As shown in this code snippet (an extract from the calc1_sr example), subrules can be freely mixed with rules and grammars. Here, a group of 3 subrules (expression, term, factor) is assigned to a rule (named entry). This means that parts of a parser can use subrules (typically the innermost, most performance-critical parts), whereas the rest can use rules and grammars.

Header
// forwards to <boost/spirit/repository/home/qi/nonterminal/subrule.hpp>
#include <boost/spirit/repository/include/qi_subrule.hpp>
Synopsis (declaration)
subrule<ID, A1, A2> sr(name);
Parameters (declaration)

Parameter

Description

ID

Required numeric argument. Gives the subrule a unique 'identification tag'.

A1, A2

Optional types, can be specified in any order. Can be one of 1. signature, 2. locals (see rules reference for more information on those parameters).

Note that the skipper type need not be specified in the parameters, unlike with grammars and rules.
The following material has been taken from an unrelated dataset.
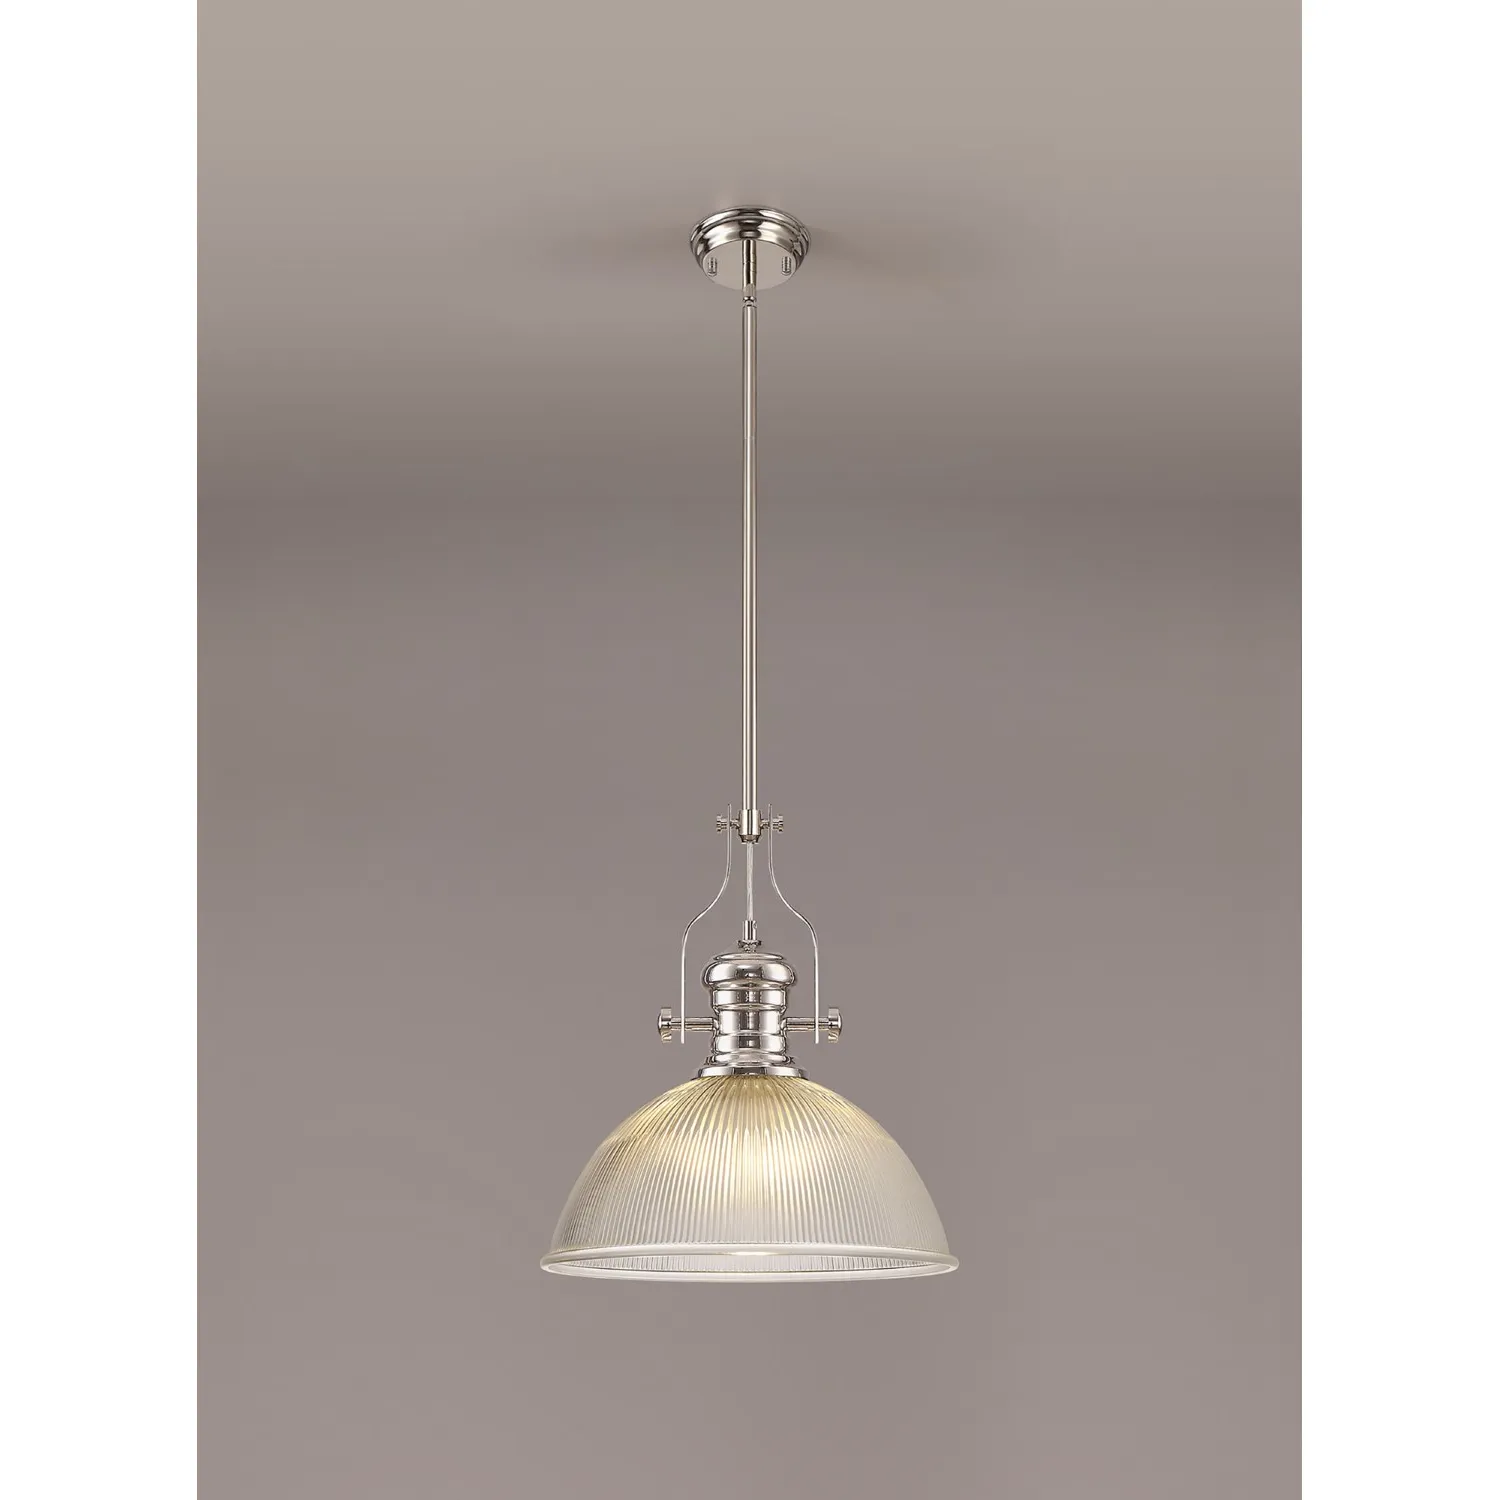 Sandy 1 Light Pendant E27 With 38cm Dome Glass Shade, Polished Nickel Clear

Subrules will automatically use the skipper type which is in effect when they are invoked.

name

Optional string. Gives the subrule a name, useful for debugging and error handling.

Synopsis (usage)

Subrules are defined and used within groups, typically (and by convention) enclosed inside parentheses.

// Group containing N subrules
(
    sr1 = expr1
  , sr2 = expr2
  , ... // Any number of subrules
}

The IDs of all subrules defined within the same group must be different. It is an error to define several subrules with the same ID (or to define the same subrule multiple times) in the same group.
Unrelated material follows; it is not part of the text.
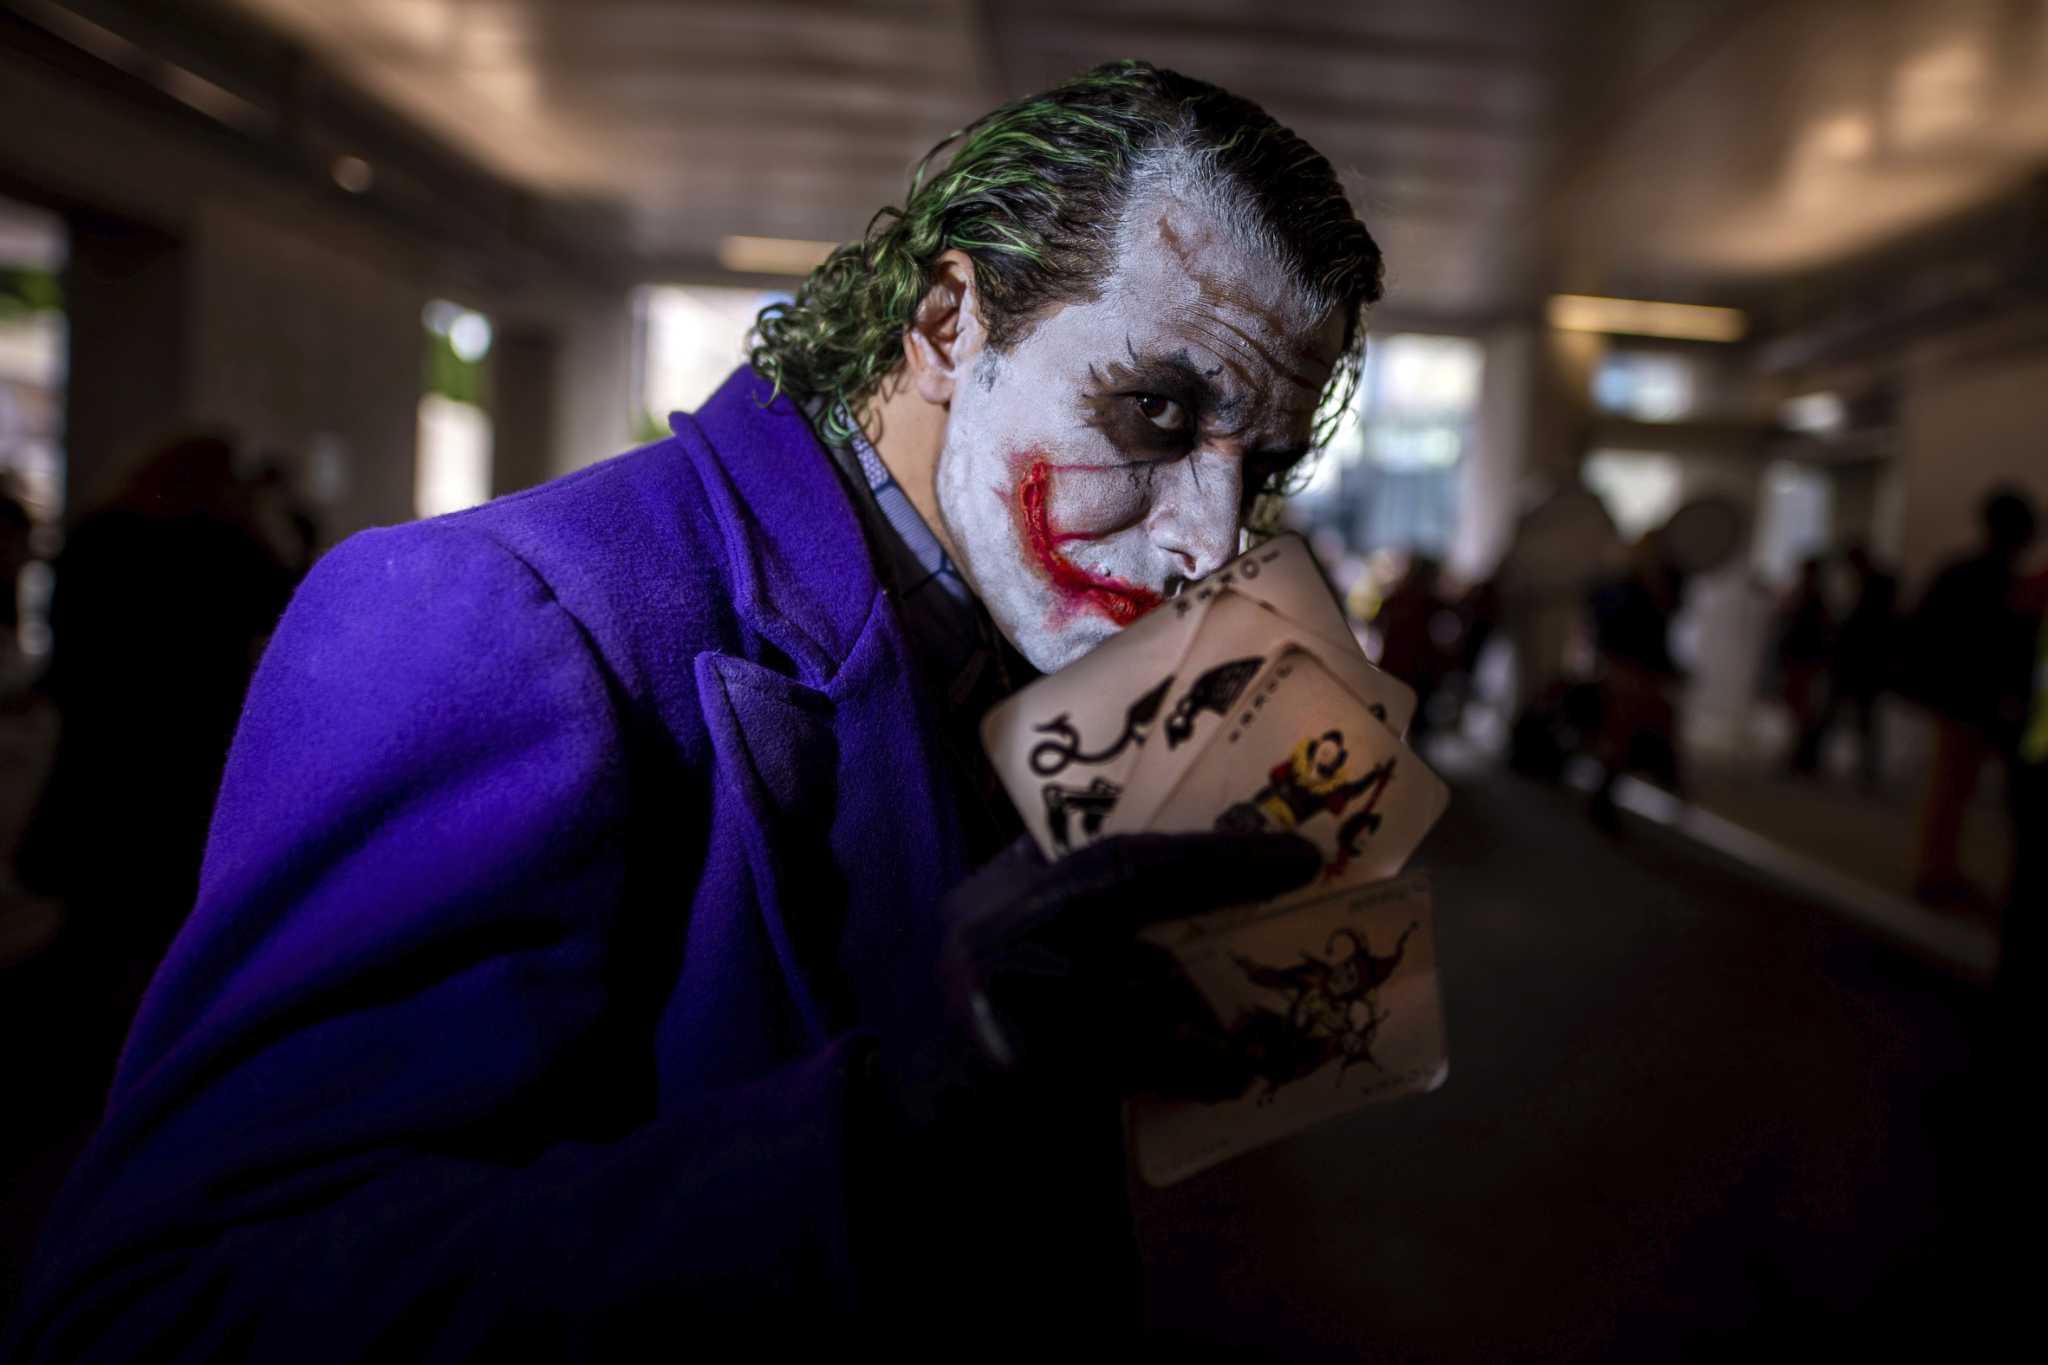 Joker' movie leads The theaters with controversy and with extra ...

// Auto-subrules and inherited attributes
(
    srA %= exprA >> srB >> srC(c1, c2, ...) // Arguments to subrule srC
  , srB %= exprB
  , srC  = exprC
  , ...
)(a1, a2, ...)         // Arguments to group, i.e. to start subrule srA
Parameters (usage)

Parameter

Description

sr1, sr2

Subrules with different IDs.

expr1, expr2

Parser expressions. Can include sr1 and sr2, as well as any other valid parser expressions.

srA

Subrule with a synthesized attribute and inherited attributes.

srB

Subrule with a synthesized attribute.

srC

Subrule with inherited attributes.

exprA, exprB, exprC

Parser expressions.

a1, a2

Arguments passed to the subrule group. They are passed as inherited attributes to the group's start subrule, srA.

c1, c2

Arguments passed as inherited attributes to subrule srC.

Groups

A subrule group (a set of subrule definitions) is a parser, which can be used anywhere in a parser expression (in assignments to rules, as well as directly in arguments to functions such as parse). In a group, parsing proceeds from the start subrule, which is the first (topmost) subrule defined in that group. In the two groups in the synopsis above, sr1 and srA are the start subrules respectively -- for example when the first subrule group is called forth, the sr1 subrule is called.

A subrule can only be used in a group which defines it. Groups can be viewed as scopes: a definition of a subrule is limited to its enclosing group.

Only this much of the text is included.